Si introduce un catetere nell’arteria femorale che viene condotto fino all’aorta addominale, al tronco
celiaco e alle due arterie mesenteriche, si inietta il m.d.c. e si osserva.
L’arteriografia selettiva del tronco celiaco consente di stabilire se l’emorragia deriva dallo stomaco,
duodeno, pancreas, fegato o dalla milza. L’arteriografia selettiva della a.m.s. fornisce informazioni
sulla vascolarizzazione del tenue e colon dx, mentre l’arteriografia selettiva della a.m.i. fornisce
informazioni sulla vascolarizzazione del colon sx e del retto.
Il m.d.c. consente di studiare le fasi della vascolarizzazione:
- Fase arteriosa: si valuta la presenza di un’eventuale vascolarizzazione anomala cioè circoli
neoformati che irrorano una neoplasia maligna, mentre in caso di emangioma avremo un fitto ed
ordinato incremento della trama vascolare.

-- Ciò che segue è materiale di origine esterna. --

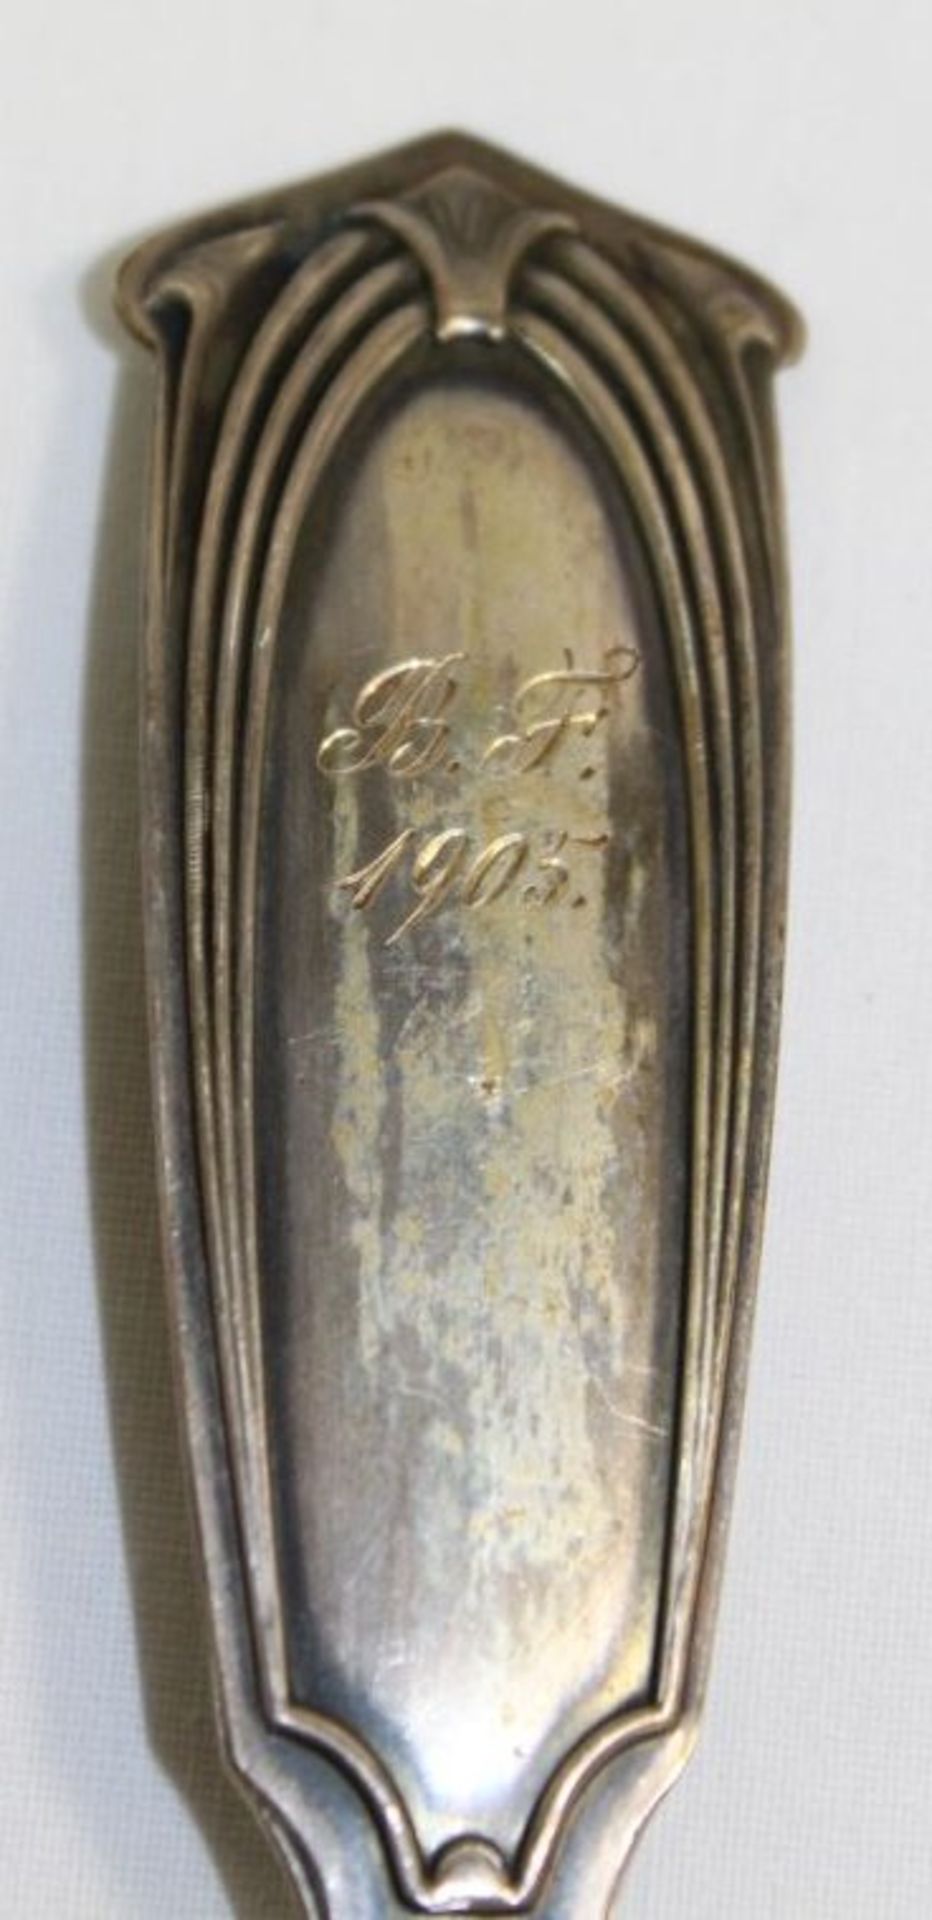 800er Silber-Esslöffel, Jugendstil, div. Gravuren "Margot" verso "B.F.1905", 64,2gr., L-21cm. - Bild 3 aus 3

- Fase parenchimale: può essere visualizzata direttamente la sede dell’emorragia digestiva per la
fuoriuscita di sangue ricco di m.d.c. nel lume intestinale.
- Fase del ritorno venoso: si verifica la presenza di circoli collaterali ectasici che può essere indice
di ipertensione portale.
 Laparotomia esplorativa: è utile prima del trattamento chirurgico nel caso ci siano ancora dubbi
sulla sede e natura dell’emorragia.
La TERAPIA MEDICA è rianimatoria e antishock: è importante il monitoraggio dello shock
ipovolemico e il ripristino della volemia (vedi shock ipovolemico).
In caso di emorragia da ulcera peptica si posiziona il sondino naso gastrico, si aspira tutto il
contenuto gastrico e si esegue un lavaggio dello stomaco mediante una soluzione di acqua e
ghiaccio che ha un effetto tamponante ed emostatico e si iniettano farmaci antagonisti dei recettori
H2 dell’istamina (anti-H2) cioè la ranitidina, cimetidina..., inibitori della pompa protonica, farmaci
riducenti il flusso splancnico cioè la somatostatina, octreotide, vasopressina.
Inoltre, si può ricorrere alla Terapia Endoscopica che può essere: iniettiva con soluzione di
adrenalina, sclerosante con adrenalina + polidocanolo, etanolo, sodio tetradecil solfato, sonde
termiche cioè elettrocoagulazione, Yag laser, meccanica con clips metalliche.
La Terapia Chirurgica dell’ulcera peptica si basa sulla pilorotomia + piloroplastica + vagotomia
tronculare, fino alla gastroresezione nei casi più gravi.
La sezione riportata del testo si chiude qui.